AI Glossary: Key Terms and Definitions

This glossary provides definitions for common terms used in the field of Artificial Intelligence (AI), including related areas like Machine Learning (ML), Deep Learning (DL), and Natural Language Processing (NLP). It is intended to be a helpful resource for both beginners and those with more experience. It also includes terms specific to Google Cloud Platform’s AI offerings.

AI (Artificial Intelligence)

The broad field of computer science dedicated to creating machines and computer programs capable of performing tasks that typically require human intelligence. These tasks include, but are not limited to, learning, reasoning, problem-solving, decision-making, perception, understanding natural language, and interacting with the environment. [Google Cloud, 2] [U.S. Department of State, 15] [NASA, 14] [University of Illinois Chicago, 3] [IBM, 13]

Related Terms: Machine Learning, Deep Learning, Natural Language Processing

Algorithm

A well-defined sequence of instructions or a set of rules designed to perform a specific task or solve a particular problem. In the context of artificial intelligence and machine learning, algorithms are the computational procedures that enable systems to analyze data, identify patterns, make predictions, and learn from experience. [Heinz College, 4]

Related Terms: Model

Artificial General Intelligence (AGI)

A theoretical form of artificial intelligence that possesses the ability to understand, learn, and apply knowledge across a wide range of tasks, much like a human being. Unlike AI systems designed for specific tasks, AGI would exhibit general cognitive abilities comparable to human intellect, allowing it to perform any intellectual task that a human can. [Google Cloud, 2]

Related Terms: Artificial Superintelligence (ASI), Artificial Intelligence (AI)

Artificial Superintelligence (ASI)

A hypothetical stage of artificial intelligence development where machines possess intellectual capabilities far exceeding those of the most intelligent humans in virtually every field, including scientific creativity, general wisdom, and problem-solving. [Google Cloud, 2]

Related Terms: Artificial General Intelligence (AGI)

Backpropagation

A crucial algorithm in training neural networks. It calculates the gradient of the loss function with respect to the network’s weights, allowing the weights to be adjusted to improve the network’s accuracy.

Related Terms: Neural Network, Weight, Loss Function

Bias (in AI)

Systematic errors in an AI system’s output that result from skewed training data or flawed algorithms. Bias can lead to unfair or discriminatory outcomes.

Related Terms: Fairness, Explainable AI (XAI)

Deep Learning (DL)

A subfield of machine learning that utilizes artificial neural networks with multiple layers (hence, “deep”) to analyze and extract complex patterns from large volumes of data. These deep neural networks can automatically learn hierarchical representations of data, making deep learning particularly effective for tasks such as image and speech recognition, natural language processing, and other complex data-driven applications. [Heinz College, 4]

Related Terms: Neural Network, Convolutional Neural Network (CNN), Recurrent Neural Network (RNN)

Embedding

A representation of discrete variables (like words or categories) as continuous vectors.
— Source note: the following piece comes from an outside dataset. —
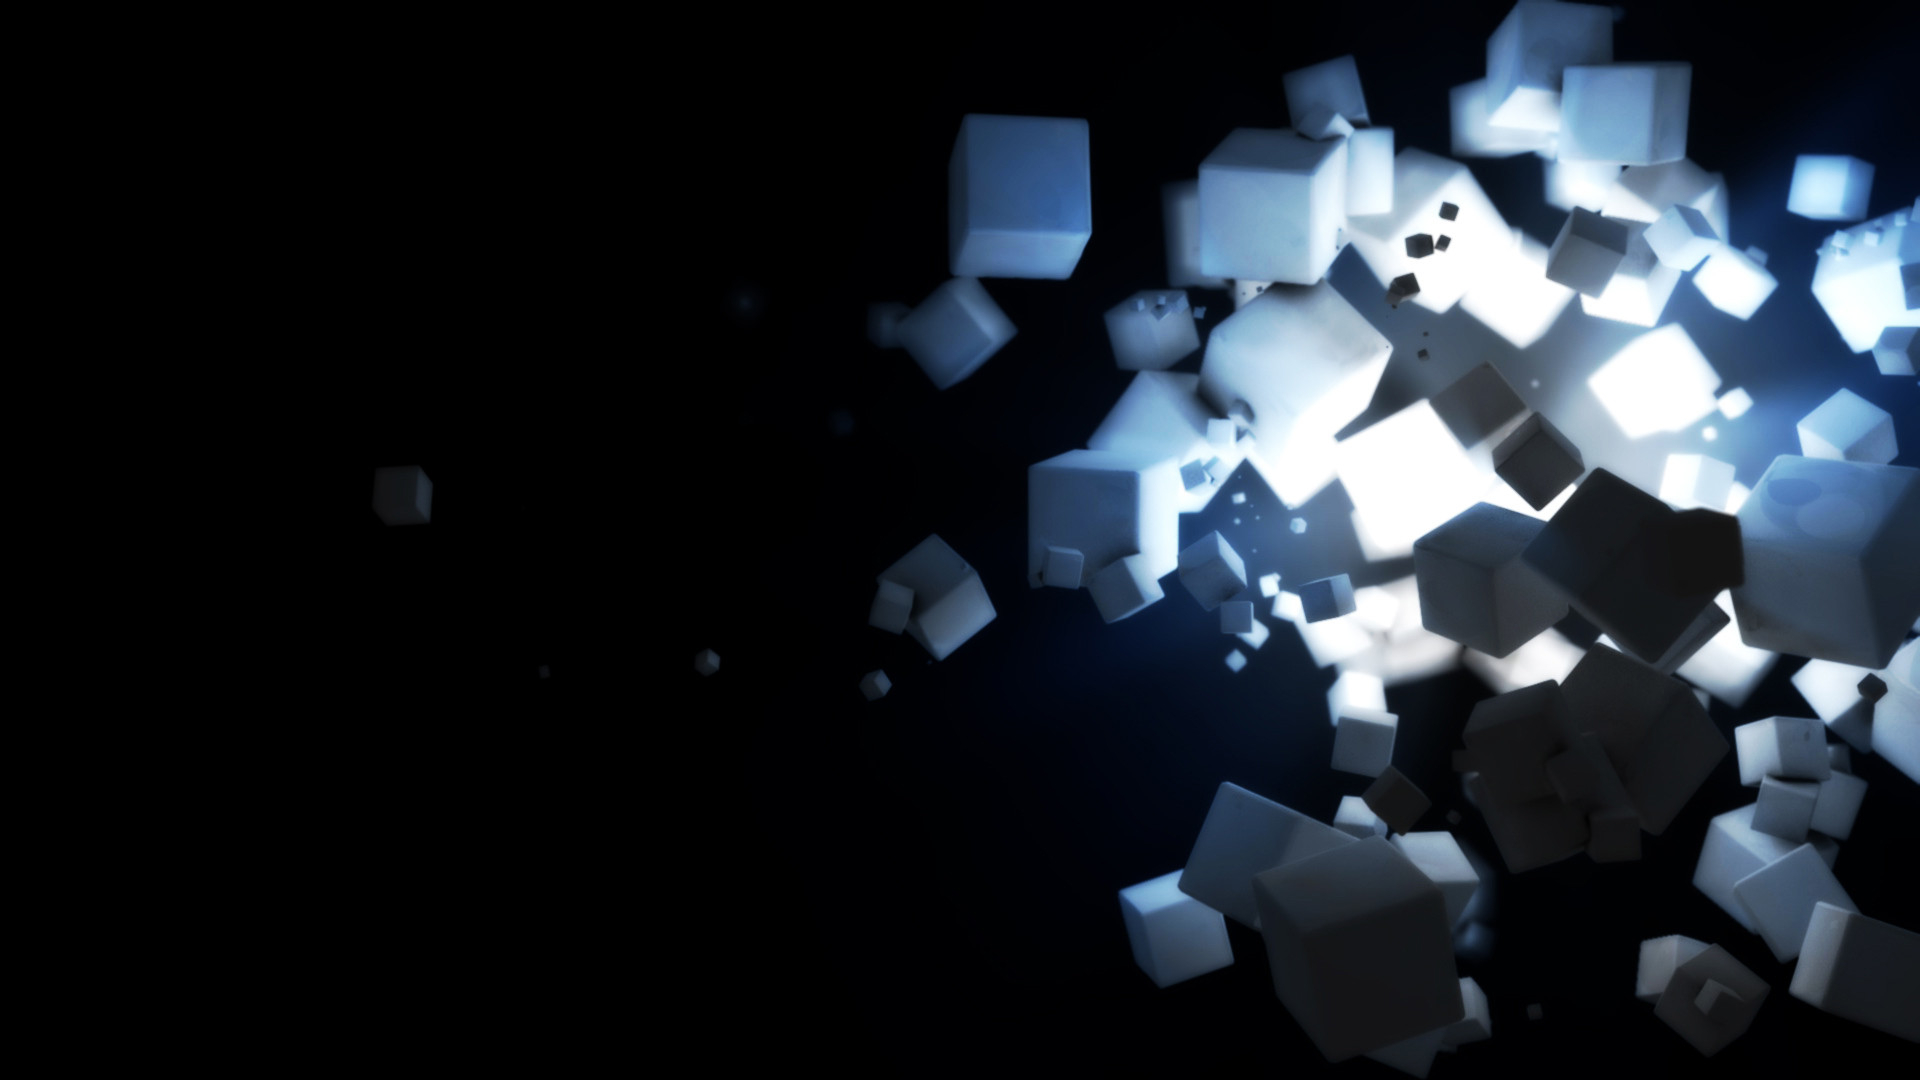 3D Cube wallpaper 16433 1920x1080

Embeddings allow AI models to capture semantic relationships between different items.

Related Term: Word Embedding, Vector Search

Fine-tuning

The process of taking a pre-trained AI model and further training it on a specific, smaller dataset to improve its performance on a particular task.

Related Terms: Pre-trained Model, Transfer Learning

Gemma 3 (Google Cloud Specific)

A family of lightweight, open-source AI models built by Google, based on the technology used in Gemini models. Suitable for deployment on platforms like Google Cloud Run.
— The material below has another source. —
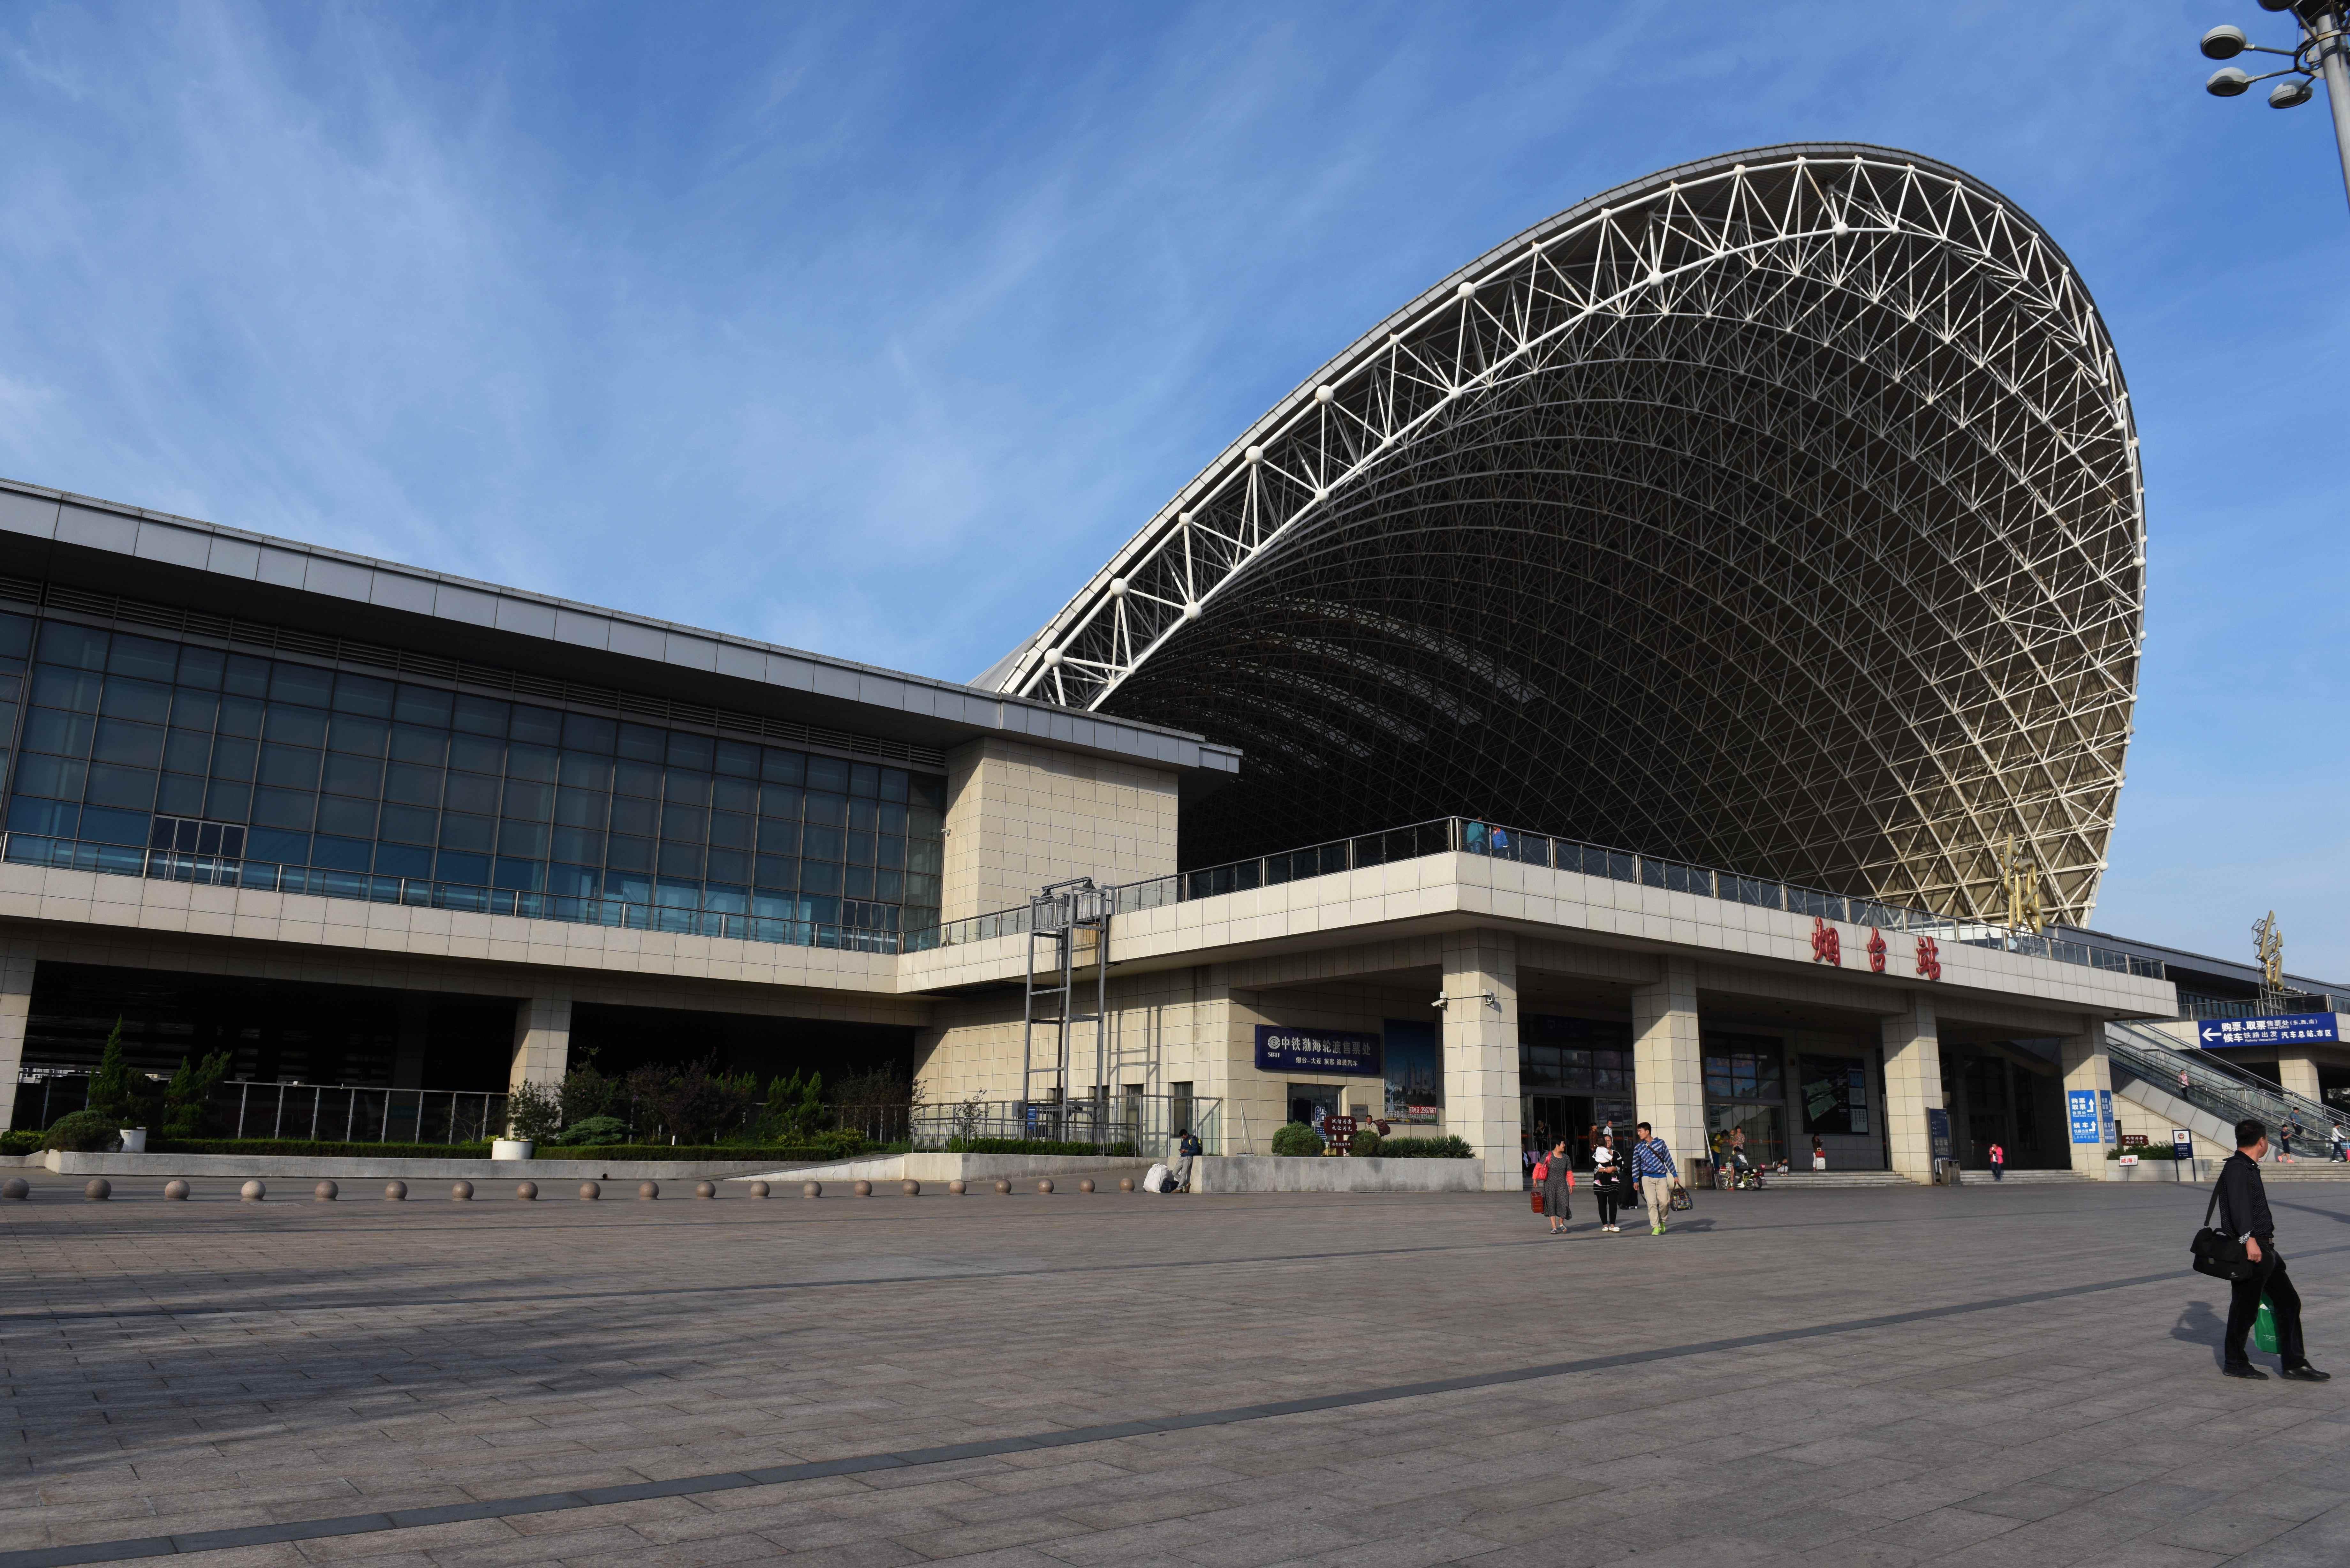 北京 蓬莱飞机场

Related Terms: Gemini 2.0, Open-Source AI Models, Google Cloud Run, Vertex AI Model Garden

Gemini 2.0 (Google Cloud Specific)

A powerful, multi-modal AI model from Google, capable of understanding and processing various types of data, including text, images, and audio.

Related Terms: Multi-modal Capabilities, Large Language Model

Generative AI

A class of artificial intelligence models focused on generating new, original content that resembles the data on which they were trained. This includes the creation of text, images, audio, video, and other forms of data. Generative AI models learn the underlying patterns and structures within the training data and can then produce novel outputs that are statistically similar to that data. [Heinz College, 4]

Related Terms: Large Language Model (LLM)

Hallucination (in AI)

In the context of artificial intelligence, particularly with large language models, hallucination refers to the phenomenon where the AI system generates information that is factually incorrect, nonsensical, or fabricated, yet presents it with confidence as if it were accurate and truthful. [Heinz College, 4]

Related Terms: Large Language Model (LLM)

Inference

The process of using a trained AI model to make predictions or generate outputs on new, unseen data. This is the “application” phase after training.

Related Terms: Model, Prediction

AI Hypercomputer (Google Cloud Specific)

An architecture designed by Google Cloud that integrates AI-optimized hardware, software, and consumption models to improve the productivity and efficiency of AI workloads.

Related Terms: AI Optimized Hardware, AI Training, AI Inference

AI Optimized Hardware (Google Cloud Specific)

Hardware specifically designed to accelerate AI workloads, such as GPUs (Graphics Processing Units) and TPUs (Tensor Processing Units).

Related Terms: AI Hypercomputer, GPU, TPU

AI Training (Google Cloud Specific)

The process of feeding data to an AI algorithm to allow it to learn and improve its performance.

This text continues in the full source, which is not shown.